Minhas estreias sempre foram marcantes. Em todas, aquele friozinho na barriga e o desejo de entrar logo em campo. Em 67, pelo Botafogo, primeira vez no Maracanã, marquei os três gols da vitória contra o América, na final da Taça Guanabara. Aquele momento ainda está congelado em minha memória. Cinco anos depois, estreava pelo Flamengo, também no Maraca, no Torneio de Verão, enfrentando o Santos, de Pelé, e o Benfica, de Eusébio. O Fla tinha Renato, Moreira, Chiquinho, meu irmão Fred, Reyes, Rogério, Fio, Caio Cambalhota e Arílson. Fomos campeões!  Em 74, me mandei para o Olympique de Marselha e fiz o gol da vitória contra o Strasbourg. Não falava a língua, não conhecia ninguém e fomos vice-campeões. Aí, em 76, o Horta me trouxe para integrar a Máquina Tricolor. A estreia foi no maior do mundo contra o poderoso Bayern de Munique, base da seleção alemã, e vencemos por 1×0, com show de Cafuringa e Mário Sérgio. Da Máquina para o Time do Camburão, no Botafogo, com Rodrigues Neto espanando e os delegados Hélio Vígio e Luís Mariano, na comissão técnica. Ficamos 52 jogos invictos. Depois teve Grêmio, Vasco e, claro a seleção brasileira. Aos 17 anos, fui convocado por Zagallo para um jogo contra o Chile, em Santiago. Vencemos por 1×0, gol de Roberto Miranda. O curioso era que essa seleção era formada apenas por jogadores do Bangu, campeão de 66 e Botafogo, de 67, e o chefe da deleção foi Castor de Andrade, que reprovou o hotel escolhido pela federação chilena e, com dinheiro do próprio bolso, nos levou para o melhor da região, Kkkk!!!

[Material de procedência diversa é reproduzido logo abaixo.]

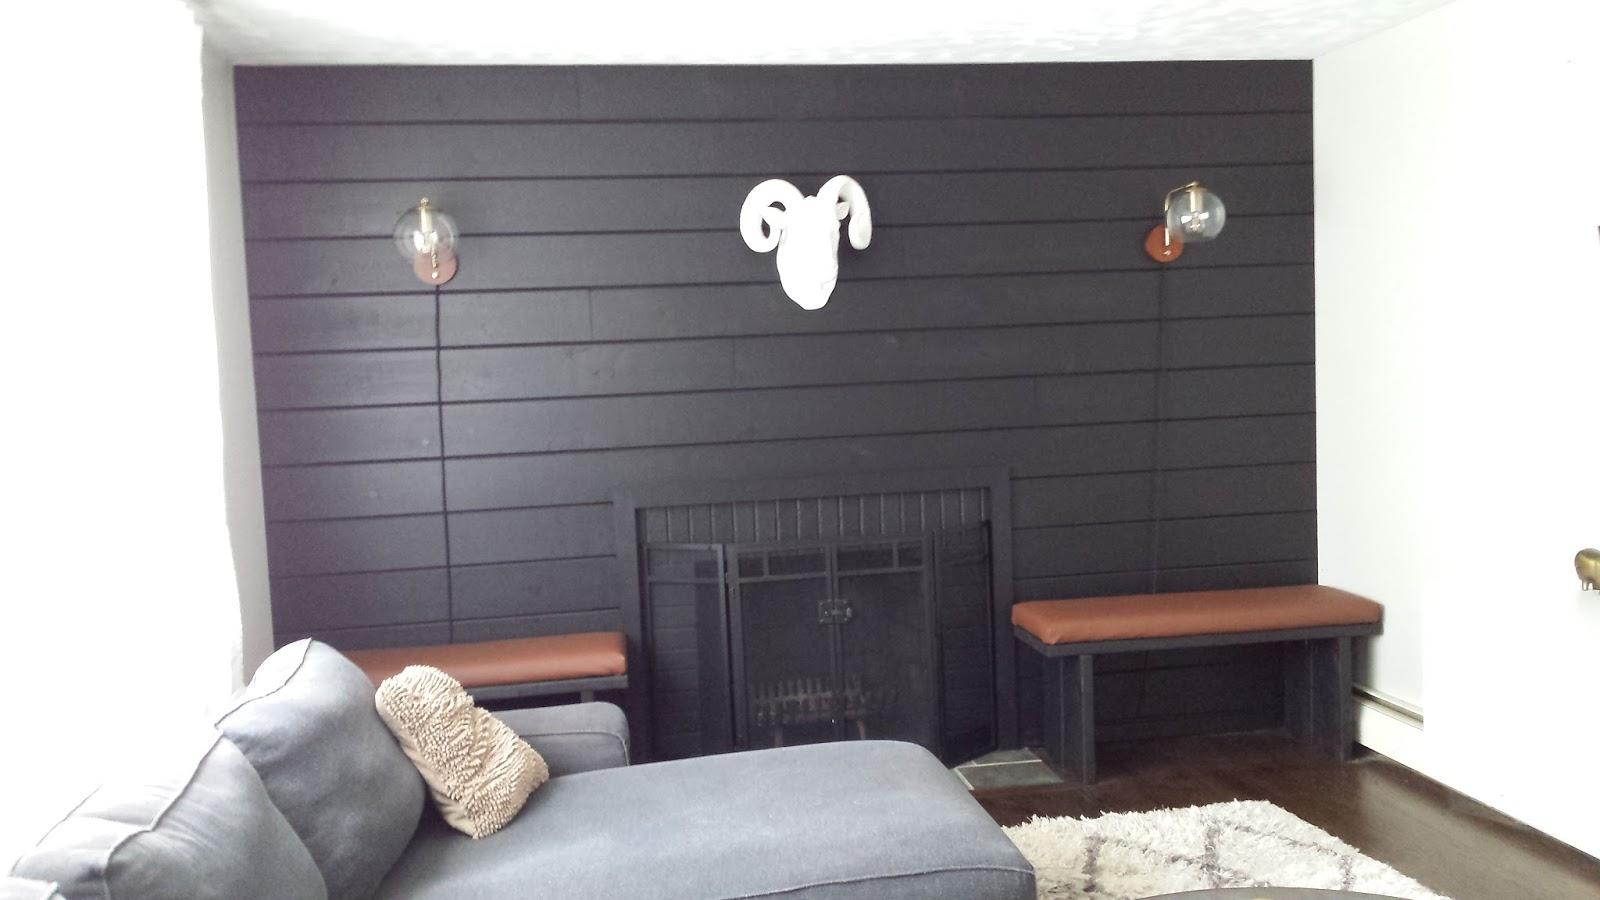 firebox for fireplace kamin richtig anfeuern worauf sollte man achten maric designs rumford. Black Bedroom Furniture Sets. Home Design Ideas

Fora de campo, trabalhei no Pasquim, Diário de SP e, recentemente, Globo, mas a Placar é aquele time em que todos sonham jogar. E eu nem teria motivos para sonhar porque apanhei muito dos cronistas paulistas, Kkkk!!! Minha relação com São Paulo sempre foi de amor e ódio. Era vaiado quando chegava ao Aeroporto de Congonhas e rebatia dizendo que não gostava da cidade, suja e poluída. Fui contratado pelo Corinthians, mas odiei e apesar de me dar muito bem com Sócrates, não me encaixei com a filosofia da Democracia Corinthiana, até porque eu adorava treinar, Kkkk!!!  Anos depois, comprei um apartamento, no Morumbi, onde morei 20 anos com minha mulher, Ana Reis, e, hoje, amo esse estado. Estive em várias capas da Placar e em incontáveis matérias, ganhei quatro Bolas de Prata, mas nunca entendi não ter levado uma de Ouro. Sempre colecionei Placar, El Gráfico, France Football e L´Équipe. Se eu não fosse o Caju, negão marrento, 70 anos de praia, talvez eu falasse aos leitores da Placar que “vou dar o meu máximo”, “seguir as orientações do professor” e “lutar pelos três pontos”, mas prefiro dizer que chego para falar de futebol na linguagem do boleiro, sem esse discurso professoral que tomou conta do futebol e o deixa cada vez mais chato, chego para zunir os quadros-negros e as pranchetas da sala e falar de futebol-arte, de pelada, de sonhos, de memória, personagens e jogos inesquecíveis. E a Placar está na memória afetiva dos amantes do futebol. Que esse jogo desperte a chama adormecida do torcedor e dure para sempre! Viva a Placar!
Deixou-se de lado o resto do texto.